### EXERCISE PROMPT
When you reach a picture, pass over it; otherwise repeat the listing word for word.

----- DATA BLOCK

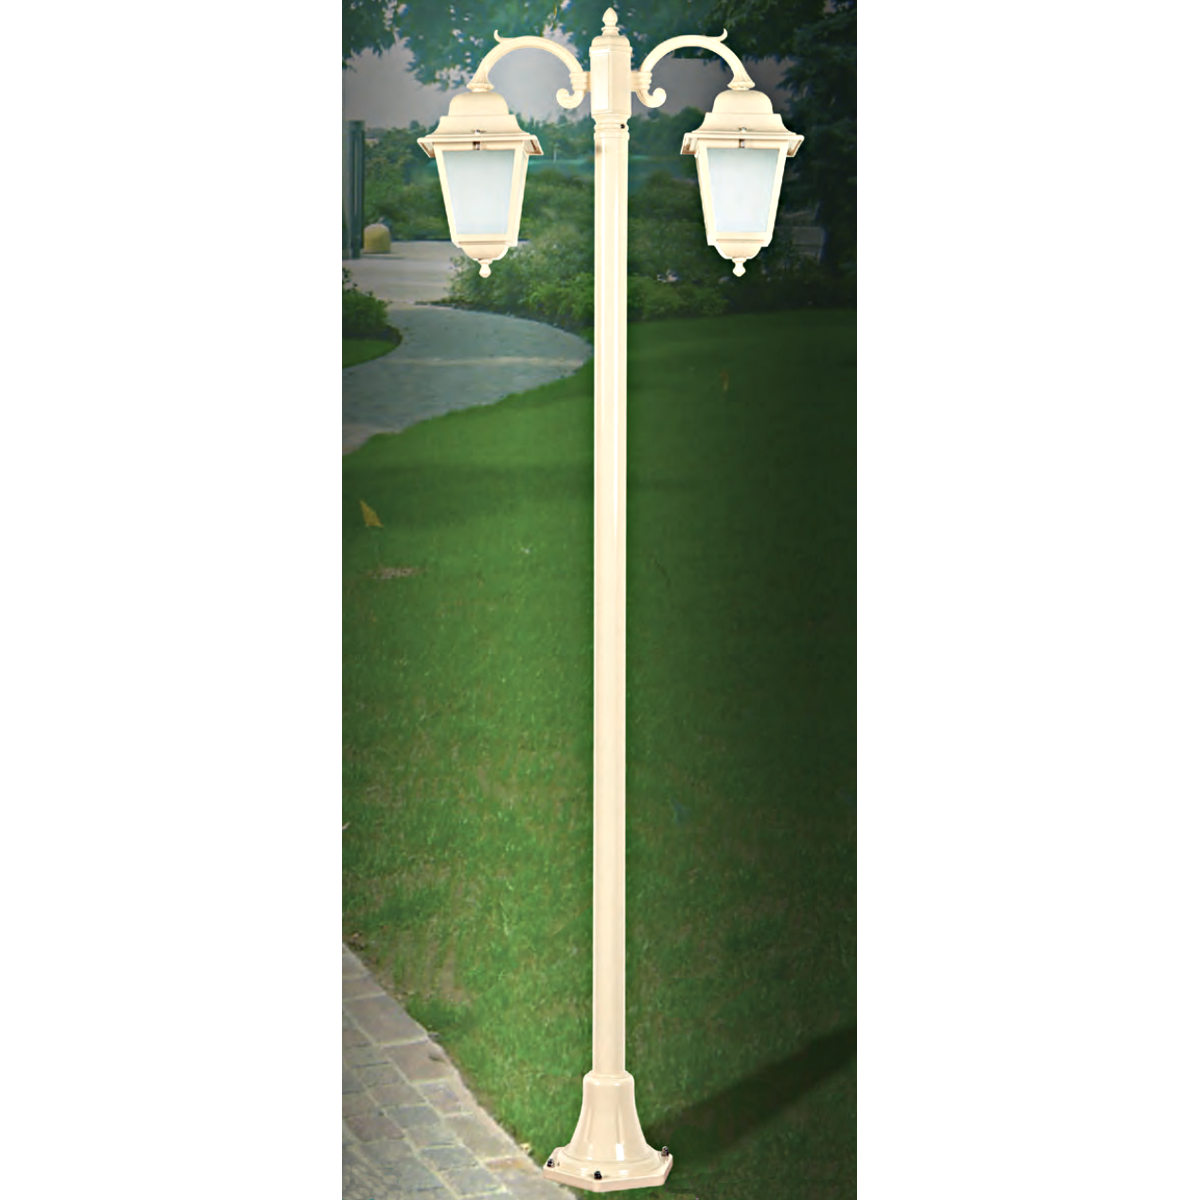 Italian Garden Lamp Post with Double Lanterns
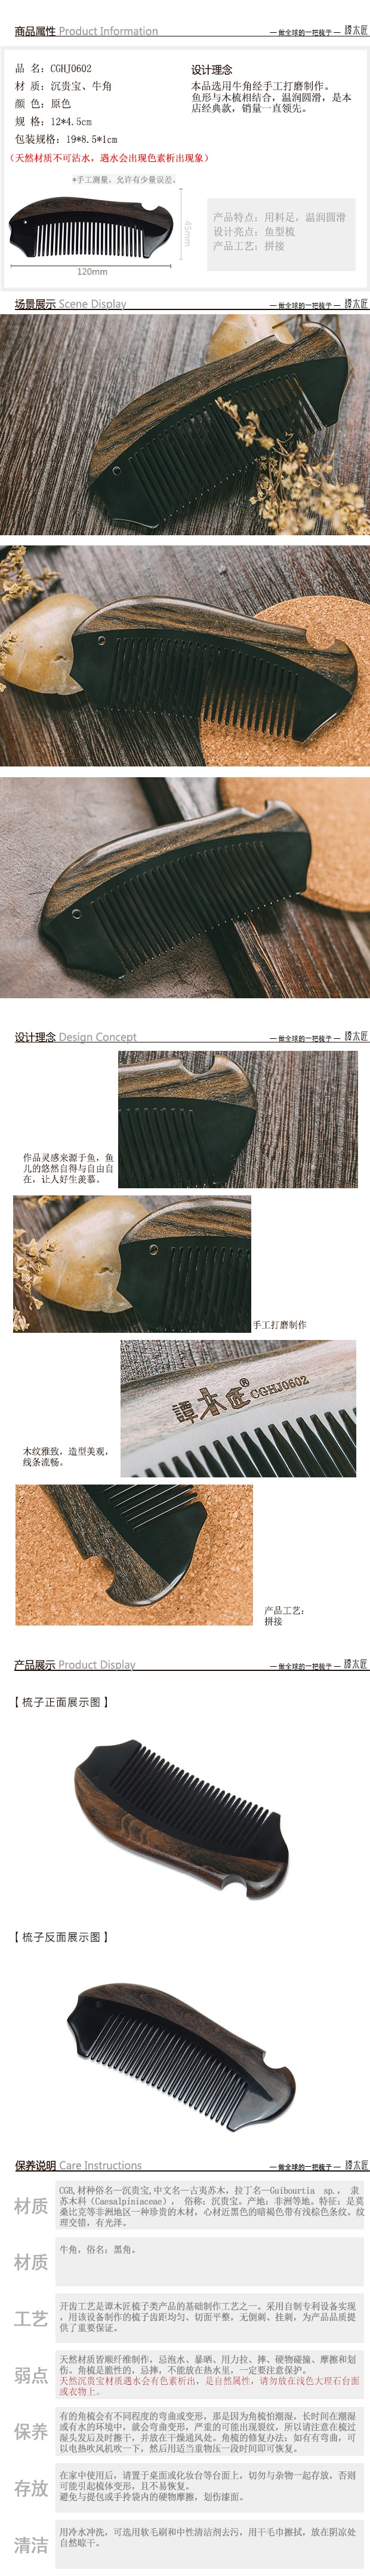 中国谭木匠 牛角梳天然发梳按摩梳 美发长发梳子 1件入
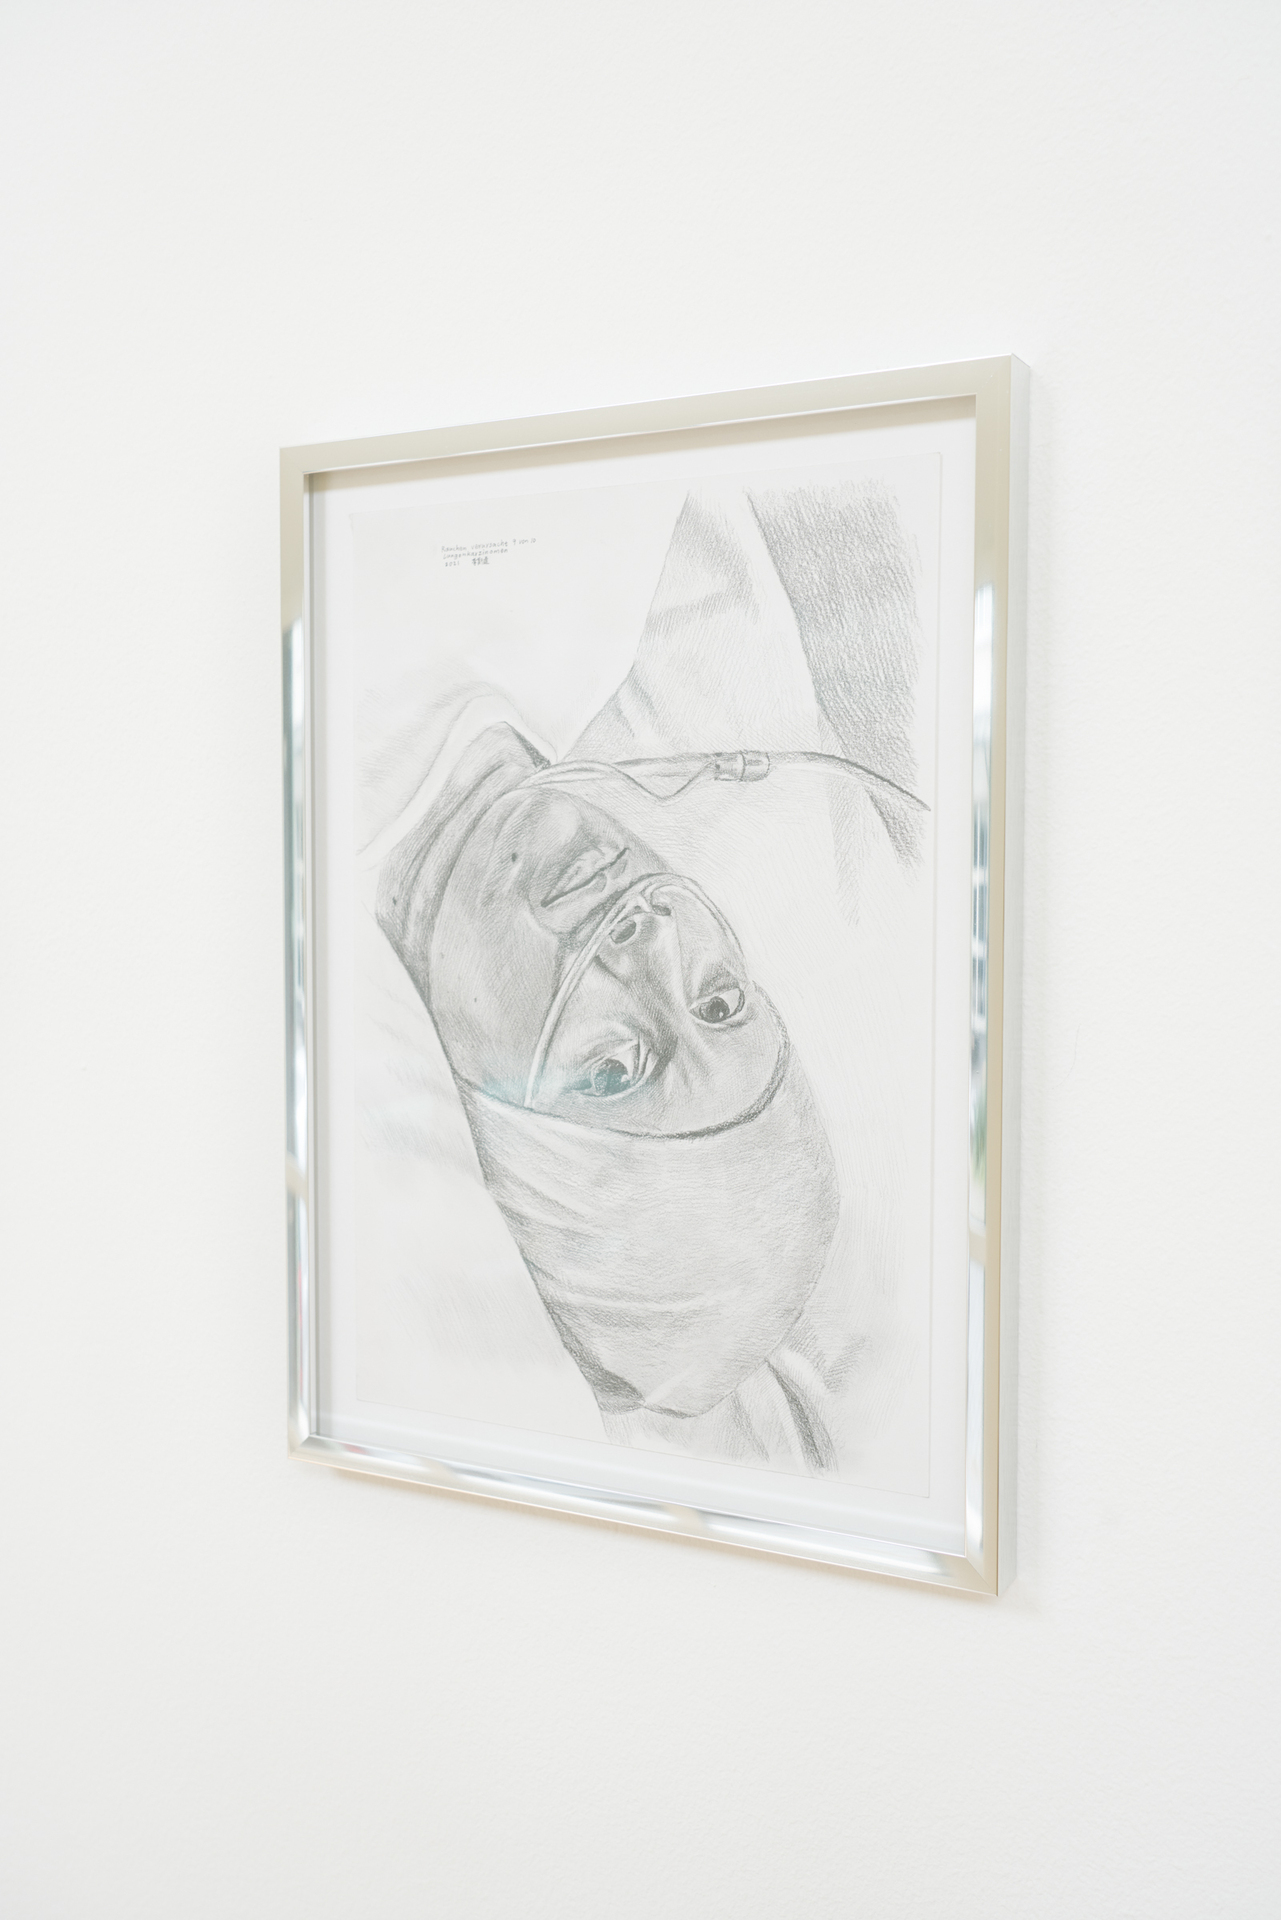 Siyi Li, Das Rauchen Aufgeben - für Ihre Lieben Weiterleben, 2021, Pencil on paper in aluminium frame, 25 x 34cm

----------

### OUTPUT OF THE TASK
 Italian Garden Lamp Post with Double Lanterns
 中国谭木匠 牛角梳天然发梳按摩梳 美发长发梳子 1件入
 Siyi Li, Das Rauchen Aufgeben - für Ihre Lieben Weiterleben, 2021, Pencil on paper in aluminium frame, 25 x 34cm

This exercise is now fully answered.